I like the doggles. I wouldn't want bugs or whatever getting in my eyes! :-o


----------



## Bob Scott (Mar 30, 2006)

I had an old military dog training manual from back in the 60s FM-20 20.
It showed a pic of dog in a jump harness.
AP also had something on Sweden (?) and their Special Forces doing jumps with a Mal. That was some time ago.


----------



## Ron Swart (Jun 7, 2007)

Here's a link to K9 Storm Aerial Insertion Vest and a couple action photos

K9 Storm Aerial Insertion


----------



## Sara Findley (Feb 27, 2008)

Good thing they are muzzled, if someone threw me out of a plane I would bite them too!  :lol:


----------



## Kristen Cabe (Mar 27, 2006)

Me, too, Sara! :-o


----------



## Jerry Lyda (Apr 4, 2006)

Good one Sara, I liked that,LOL LOL


----------



## Tiffany Geisen (Nov 4, 2008)

I saw the thing on animal planet too where they jumped with a mali. It was a young dog and going through his certification. They didn't hve a muzzle on and the dog hit the ground like nothing happened it was cool.


----------



## Jaimie Van Orden (Dec 3, 2008)

they'd have to muzzle ME to get me out of a perfectly good plane


----------



## Kristen Cabe (Mar 27, 2006)

Tiffany Geisen said:


> I saw the thing on animal planet too where they jumped with a mali. It was a young dog and going through his certification.

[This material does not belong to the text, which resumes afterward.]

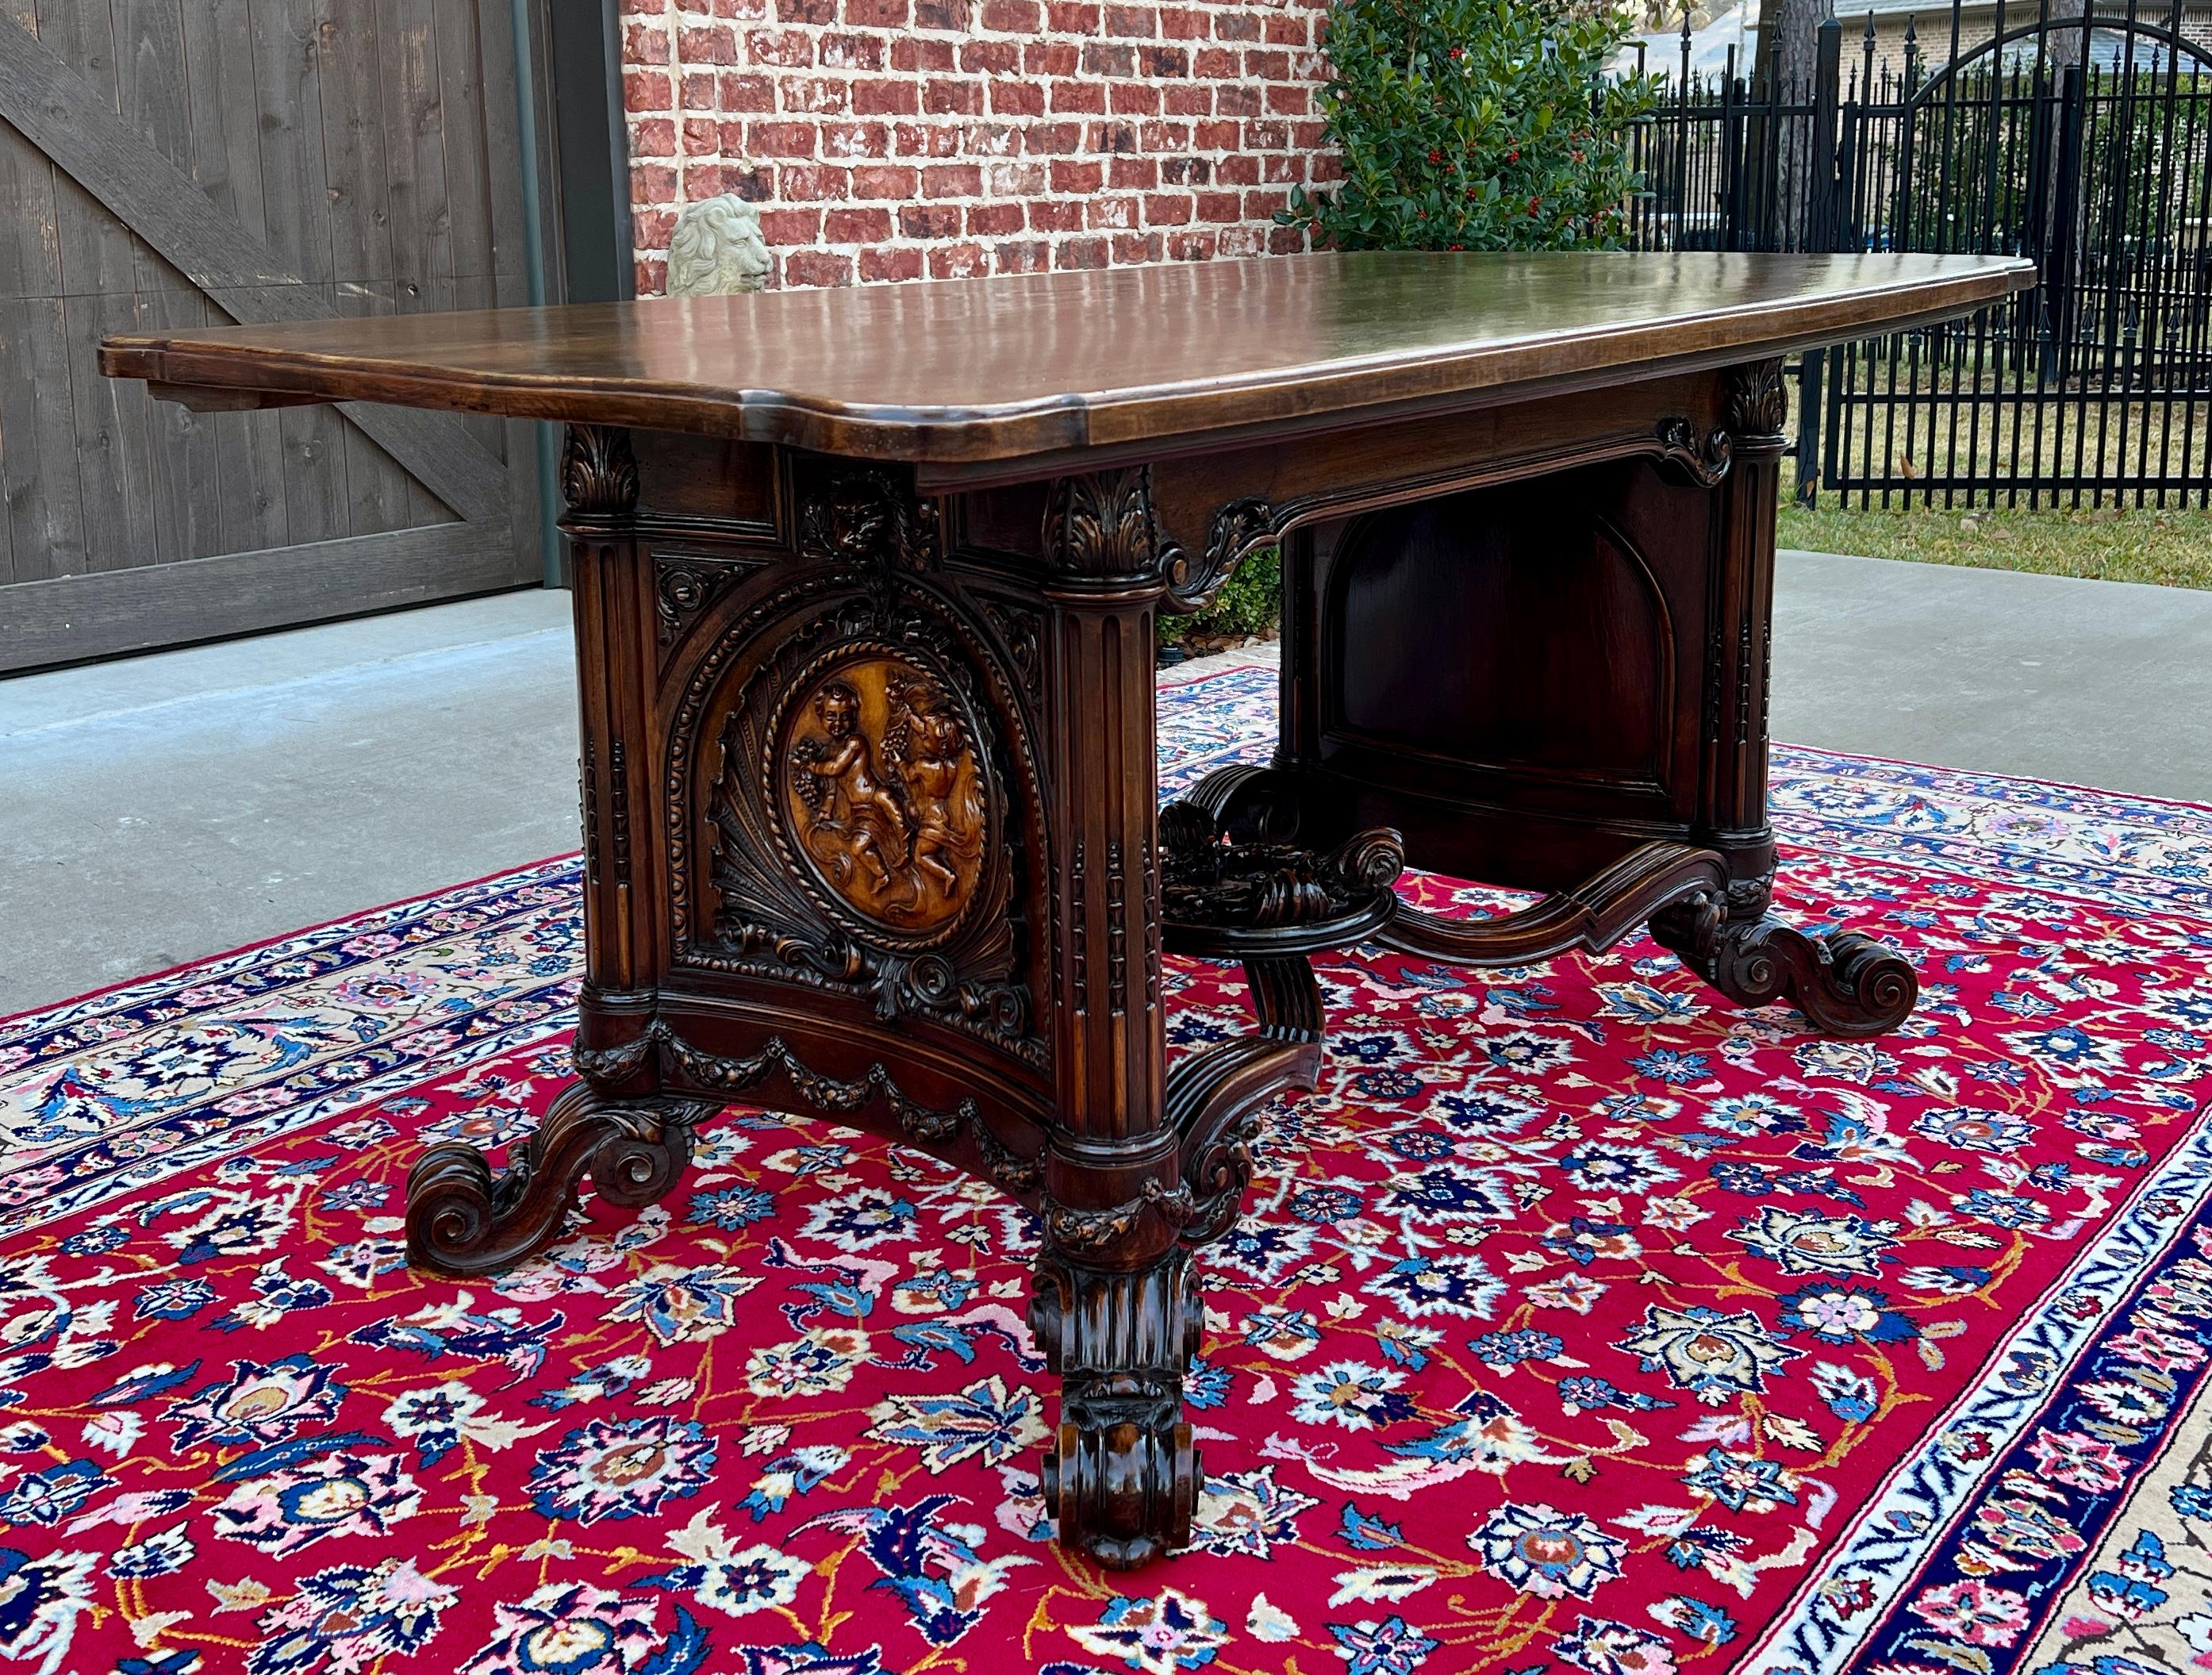 SUPERB Antique French Renaissance Revival Oak Breakfast Dining Table or Writing Desk ~~HIGHLY CARVED~~Cherubs~~

This table is a true

Certification for what, though? I still don't understand why this is something that would be necessary


----------



## Michelle Reusser (Mar 29, 2008)

Kristen Cabe said:


> Certification for what, though? I still don't understand why this is something that would be necessary


If the military wants a dog behind enemy lines, dropping them in may be the only way. Not something I'd wanna do, I'd take bets on who barfed first, me or the dog. :-o


----------



## Sara Findley (Feb 27, 2008)

Michelle Kehoe said:


> If the military wants a dog behind enemy lines, dropping them in may be the only way. Not something I'd wanna do, I'd take bets on who barfed first, me or the dog. :-o


 Well at least this way if you did barf you could blame it on the dog.. :-k :-D


----------